When diagnosed with Friedreich’s ataxia (FA) at the age of 25, I was devastated. I thought I would have really poor quality of life and that all of the plans I had for my future would be impossible. One of the biggest emotional topics was parenthood. I thought that having children was out of the question. After meeting with several FA specialists and learning more about my specific diagnosis, I was told, “If you wanted to have a family before you were diagnosed with FA, you can still have a family. Don’t let FA stop you.”
My husband, Kyle, and I wanted more information about what having kids could look like before we made a decision either way. Friedreich’s Ataxia Research Alliance (FARA) provided us with information about a study done with pregnancy in FA patients. That study can be found here. The study basically states that women with FA had successful pregnancies that aren’t really that different from non-FA patients.
We decided to get Kyle tested to see if he was a carrier for FA. To have FA, you have to inherit the FA gene from both parents. We already knew that I would pass on the FA genes since that is all I have to offer, as an FA patient. But if Kyle is not a carrier, there was no risk that our children would have FA — they would just be carriers. However, if Kyle were a carrier, our children would have a 50 percent chance of having FA. A blood test is required to check if you are a carrier or not.
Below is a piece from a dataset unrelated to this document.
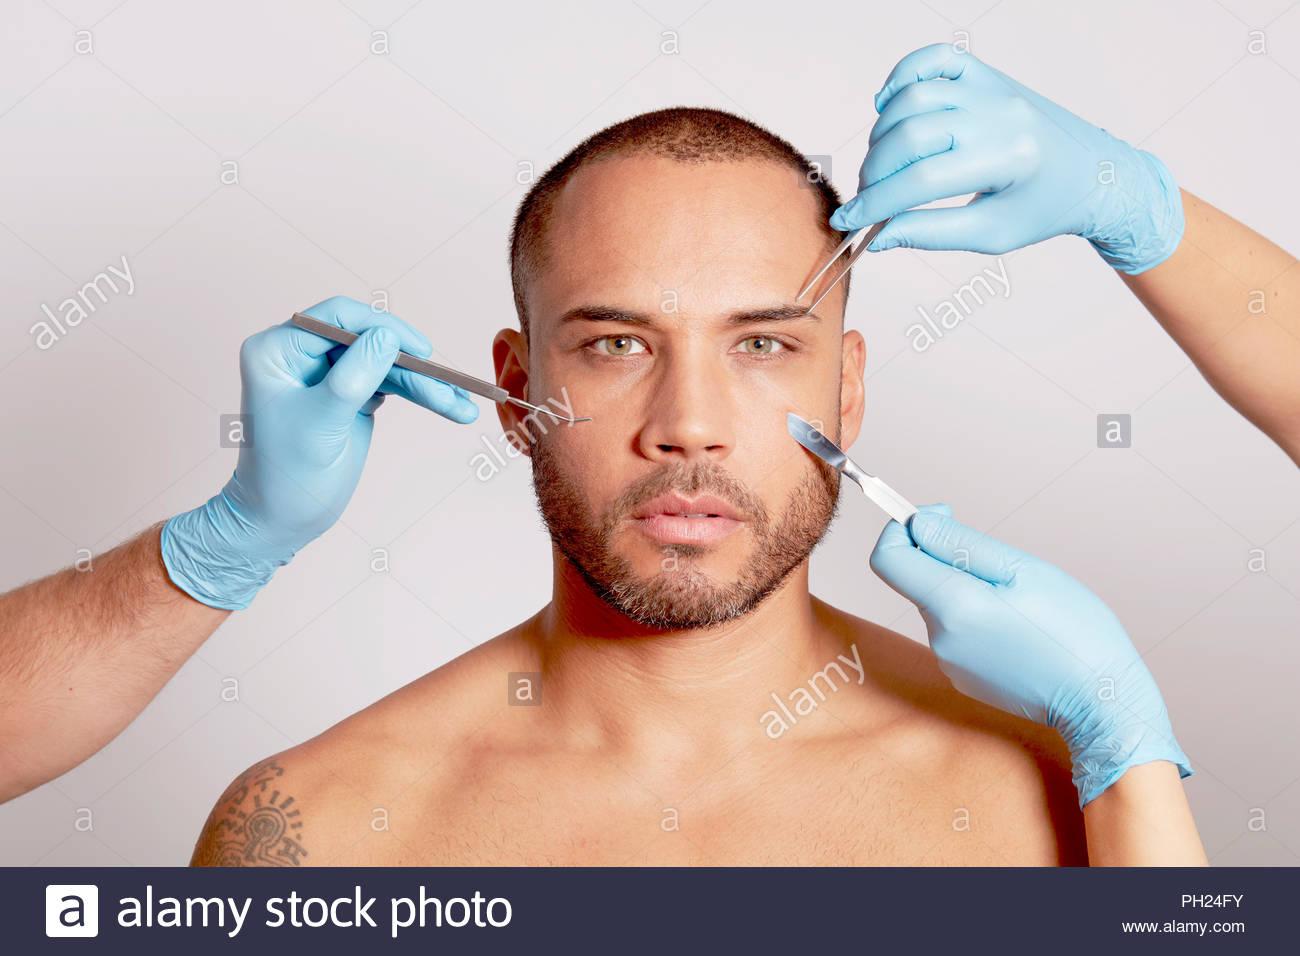 Mid adult man wearing moisturiser. - Stock Image

Long story short: Kyle is not a carrier, so we decided to go ahead and start a family.
We got pregnant with our son in March 2014. I was the first pregnant FA patient that my OB-GYN had ever seen, so she referred me to a specialist just to make sure everything was OK. The specialist did a few additional tests and the baby and I got the all clear! Our baby was happy and healthy. The specialist “signed off” on me and I proceeded through my pregnancy with my OB-GYN.
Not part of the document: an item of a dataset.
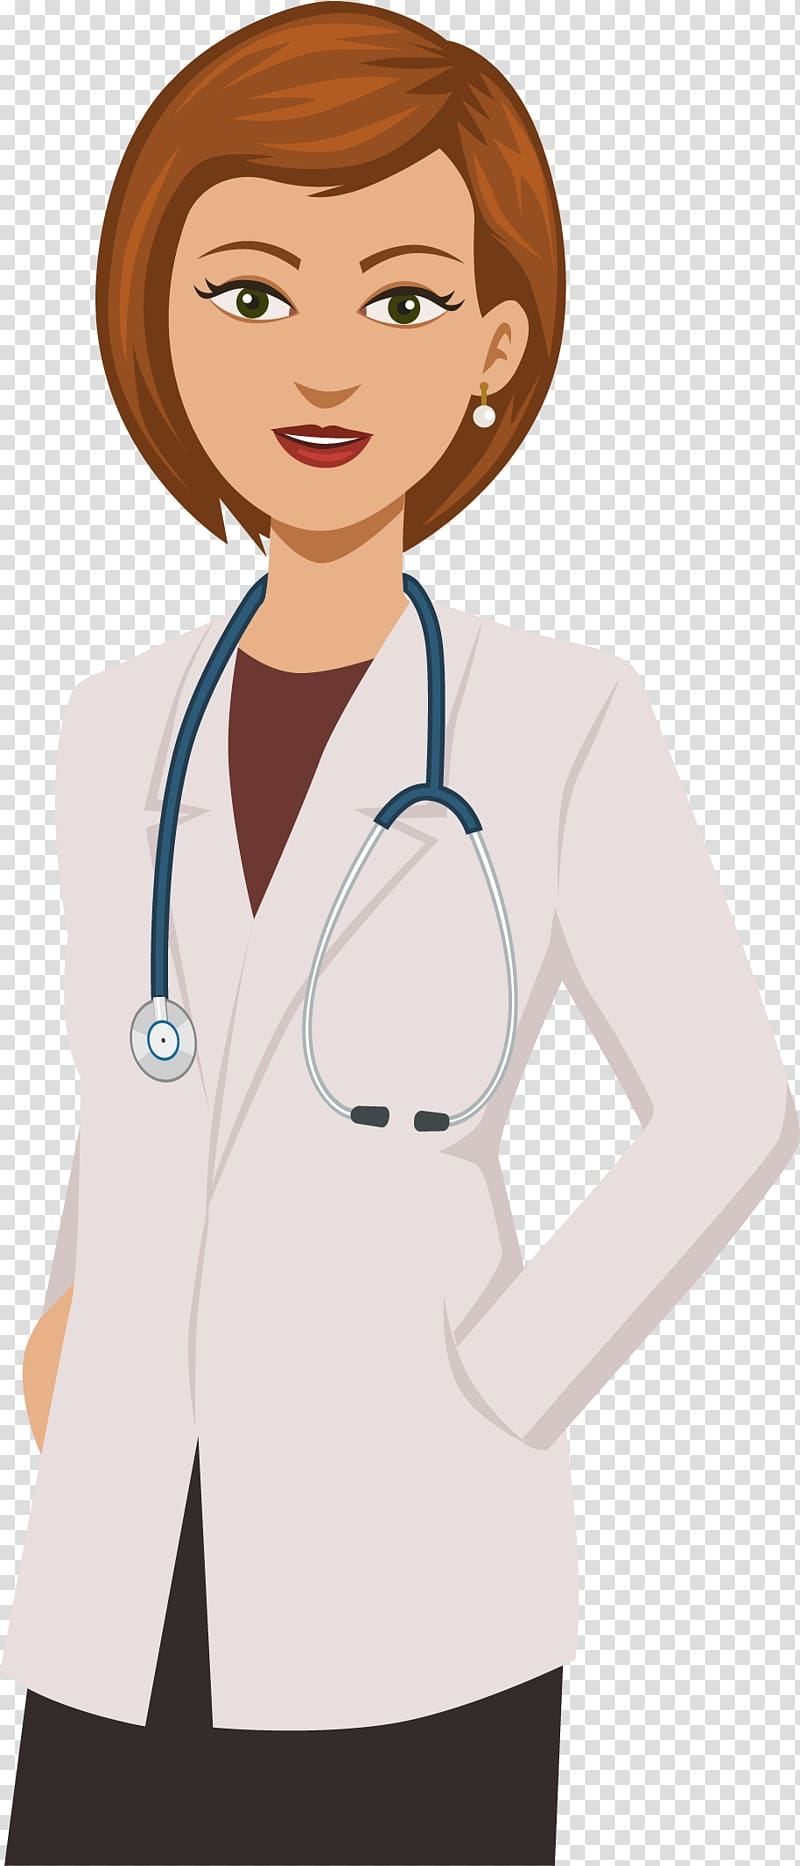 ilustrasi dokter wanita, Cartoon Network Physician Adventure Time, Cartoon female doctor png

During pregnancy, falling was my biggest fear. Poor balance and coordination is my main FA symptom, and I had no idea how pregnancy would affect that. Luckily, pregnancy didn’t seem to accelerate or magnify my symptoms, and I always took extra precautions. I was able to walk independently, ride my trike, and swim all through my pregnancy to keep my heart healthy.
My pregnancies were fairly normal and uneventful. Both of my babies progressed as they should and I felt pretty great. Well, I had the typical morning sickness, aches, and pains, but it was all very expected and tolerable. I was induced into labor and the process was very smooth. My son, Brooks, was born in October 2014. He weighed 8 lb., 2 oz. and was 21 inches long. He was (and still is) perfect.
Being a mom is the greatest thing I have ever done. It is so nice to focus my love and attention on this tiny miracle. I am so thankful for the perspective Brooks provided to my life. It was refreshing to be thankful for my sweet miracle instead of bitter and angry about FA. The disease has definitely made my life more complicated and difficult, but I wouldn’t trade a minute of it because it brought me to where I am now. Having FA makes me appreciate Brooks’s clean bill of health even more, and I rest easy knowing that he won’t have to fight FA like I do.
We found out we were pregnant with my daughter on my 29th birthday (September 2016). My pregnancy with her was smooth and healthy. We progressed perfectly, and I just focused on staying stable, trying to get as much rest as possible — not an easy feat when you have a 2-year-old, too! Collins was born in May 2017, weighing 7 lb., 8 oz, and measuring 20.25 inches long. She completed our family so perfectly, and we just adore her.
My journey through pregnancy with FA has taught me not to let anything hold me back. If you want a family, make a family! Don’t let obstacles — be it a disease or other situations — take your dreams away from you. Life is a beautiful gift and it is what you make of it. Everyone has obstacles to overcome and challenges thrown their way, but what we choose to do in the face of those challenges reveals our true character. Persevere. Life is worth living to the fullest!